But the Reassignment Policy falls short for a more fundamental reason: it only lays out a set of notice, removal, and reassignment procedures ; it does not establish a property interest that those procedures are designed to protect. As explained above, process is due only if Plaintiffs first establish that they have a protected property interest. See Louder-mill, 470 U.S. at 538, 105 S.Ct. 1487. It does not work the other way around. Plaintiffs cannot point to a set of procedures and argue that the procedures in and of themselves create a property interest. See Heck v. City of Freeport, 985 F.2d 305, 311 (7th Cir.1993) (“Mere procedural rights ... do not of themselves give rise to property interests protected under the Fourteenth Amendment.”). In other words, Plaintiffs can have no property interest in procedures; they can only have an interest in property. And the Reassignment Policy does not create a property interest; it only establishes procedures.
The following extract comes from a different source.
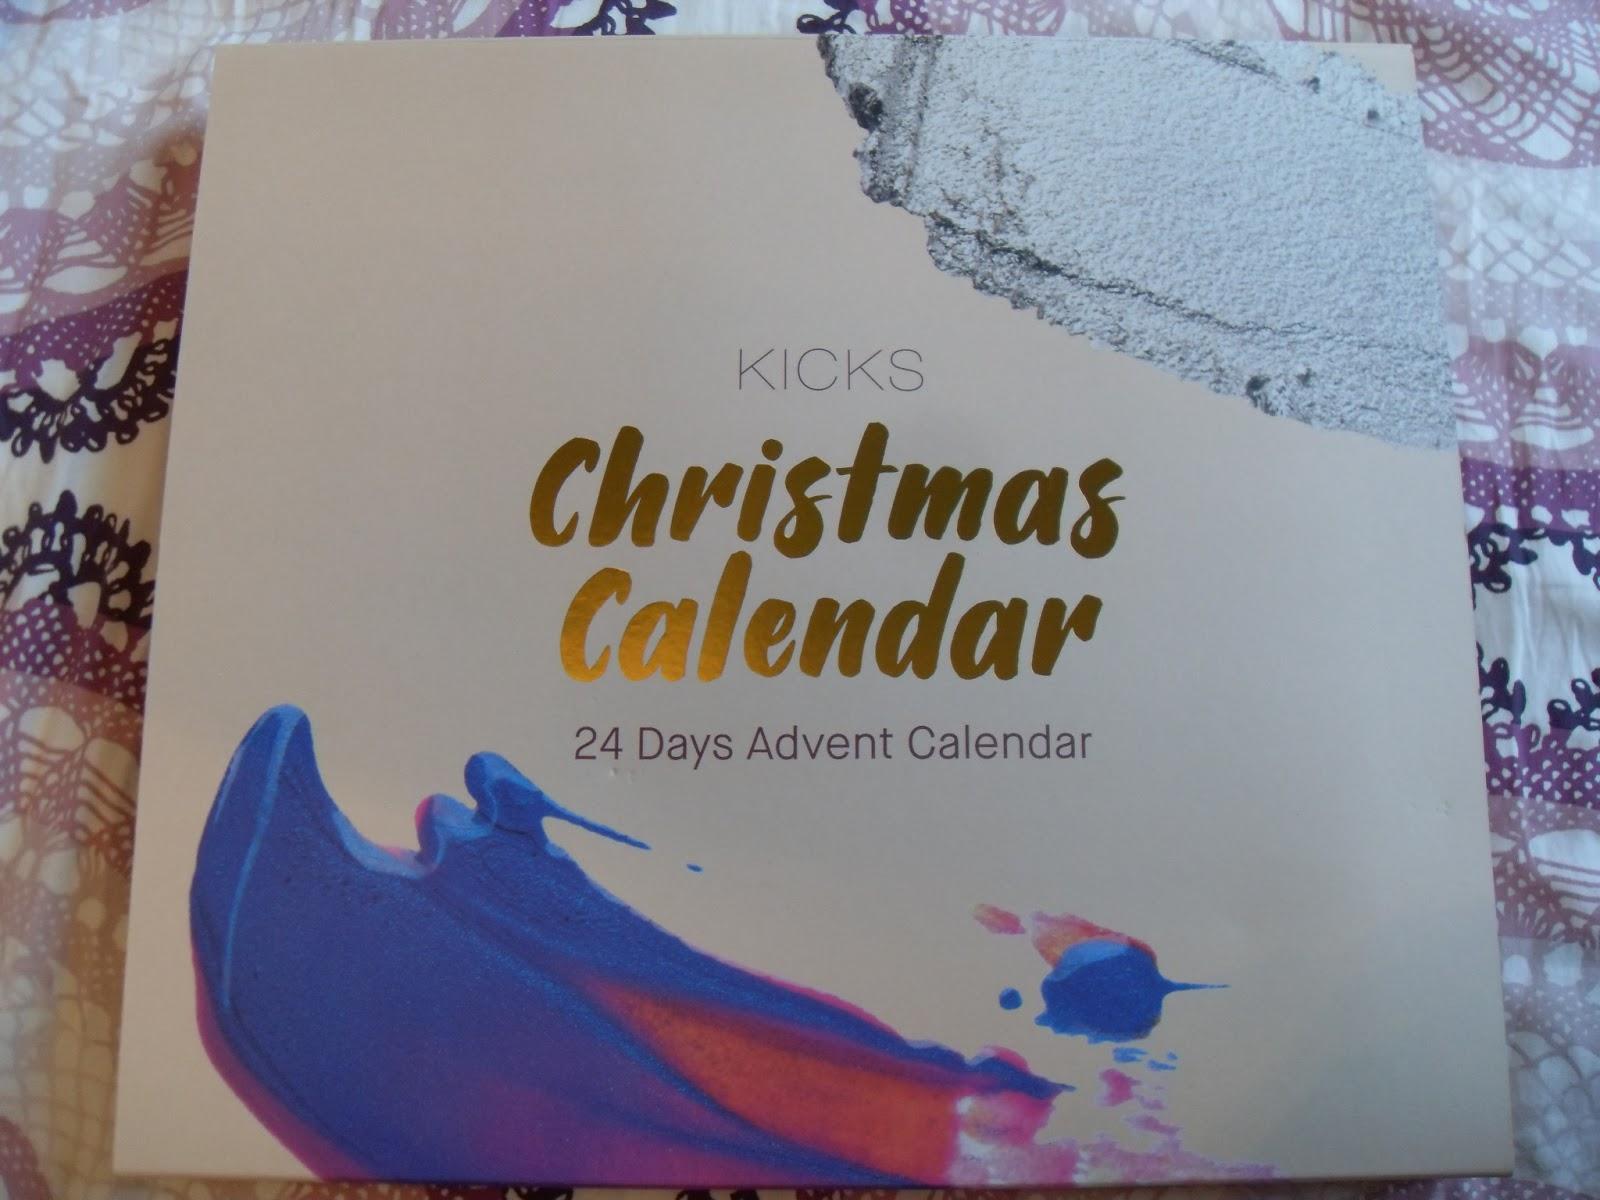 kicks joulukalenteri 2018 Vadelmahattarapilvi: Kicksin joulukalenteri, Hullujen päivien  kicks joulukalenteri 2018

The factual circumstances underlying Plaintiff Green-Katien’s due-process claim are slightly different from the factual basis for the other Plaintiffs’ claims. Green-Katien was an art teacher at Ames, and her employment was terminated because Principal Hoffman closed the art program. Third Am. Compl. ¶¶32, 63. Therefore, as Plaintiffs point out, the reason for Green-Katien’s termination—program closure—fell within the scope of the Reassignment Policy. See Pis.’ Resp. Br. at 6.
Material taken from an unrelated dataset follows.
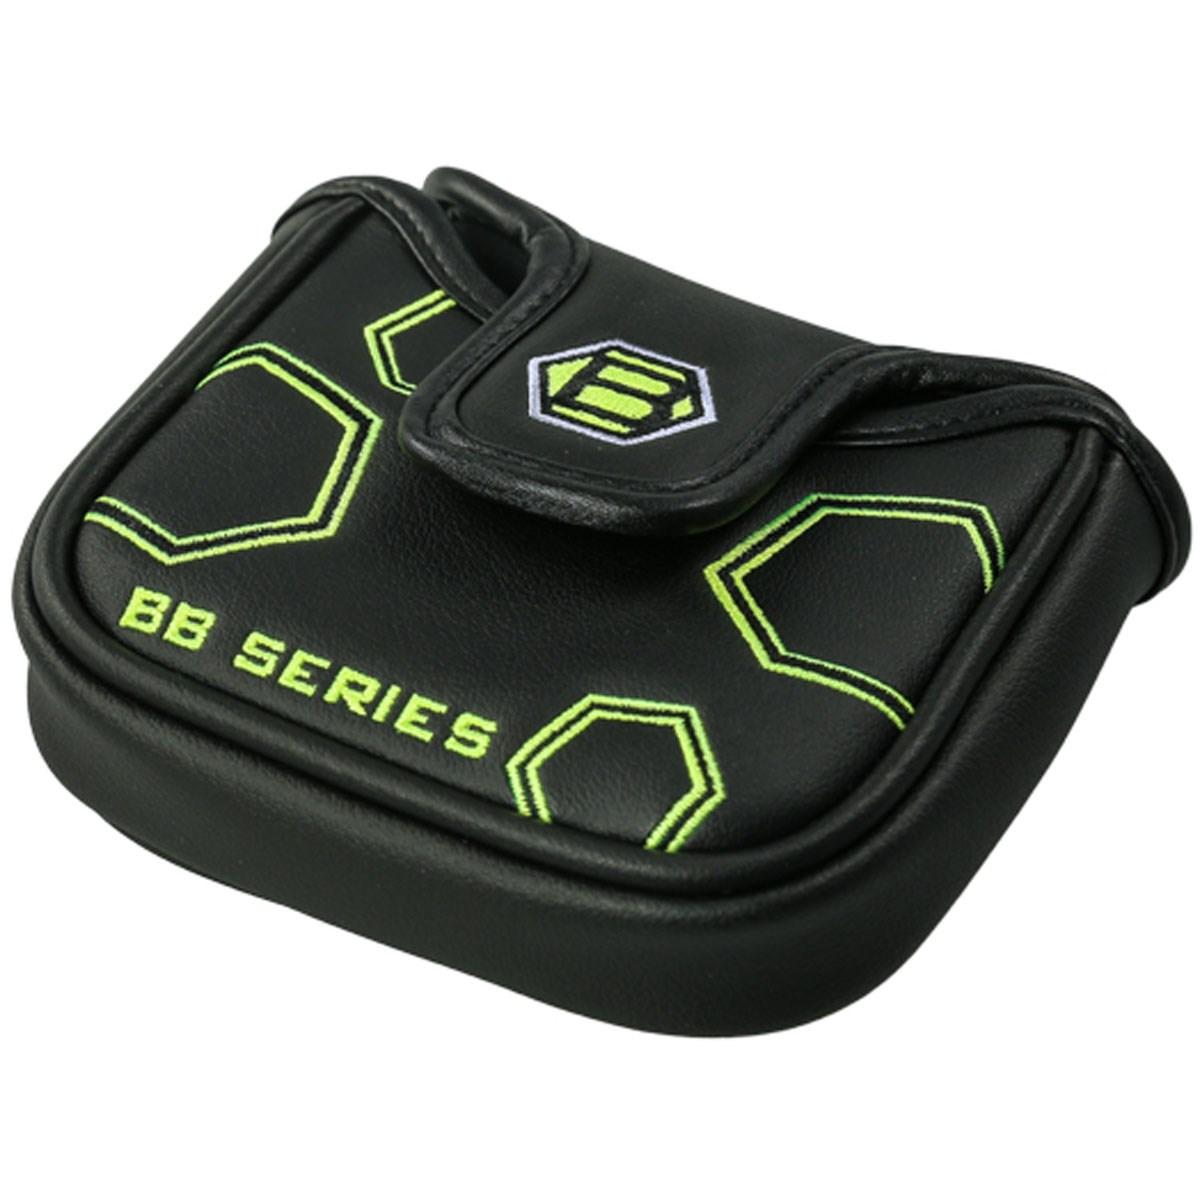 [2018年モデル] ベティナルディ BETTINARDI US BB56 パターカバー ブラック メンズ ゴルフ

But even though Green-Katien’s factual circumstances are different, the legal analysis that applies to her claim is the same. It is true, as Plaintiffs note, that the district court in Waddy v. Board of Education held that the same Reassignment Policy created a constitutionally protected property interest for teachers who were laid off during a school remediation or “turnaround.” No. 10 CV 6158, 2012 WL 6060932, at *1, *4-5 (N.D.Ill. Dec. 6, 2012). But Waddy did not grapple with the important distinction between property interests and procedures. As discussed above, the Due Process Clause only protects property interests; the Clause does not mandate that state-law-created procedures are themselves protected. Instead, only after a plaintiff establishes a property interest does the Due Process Clause demand some procedural protection before (or sometimes after) depriving the plaintiff of that property interest. At that point, the question becomes what procedures are due, and the answer to that question is provided by the familiar three-factor Mathews v. Eldridge standard. See 424 U.S. 319, 334-35, 96 S.Ct. 893, 47 L.Ed.2d 18 (1976) (establishing a three-factor balancing test to decide what procedures are due). Therefore, here, Green-Katien must *833still identify a source that establishes a right to continued employment when a program closes—that is, a property interest—and not just a set of procedures that CPS or the Board might have adopted for when a program closes.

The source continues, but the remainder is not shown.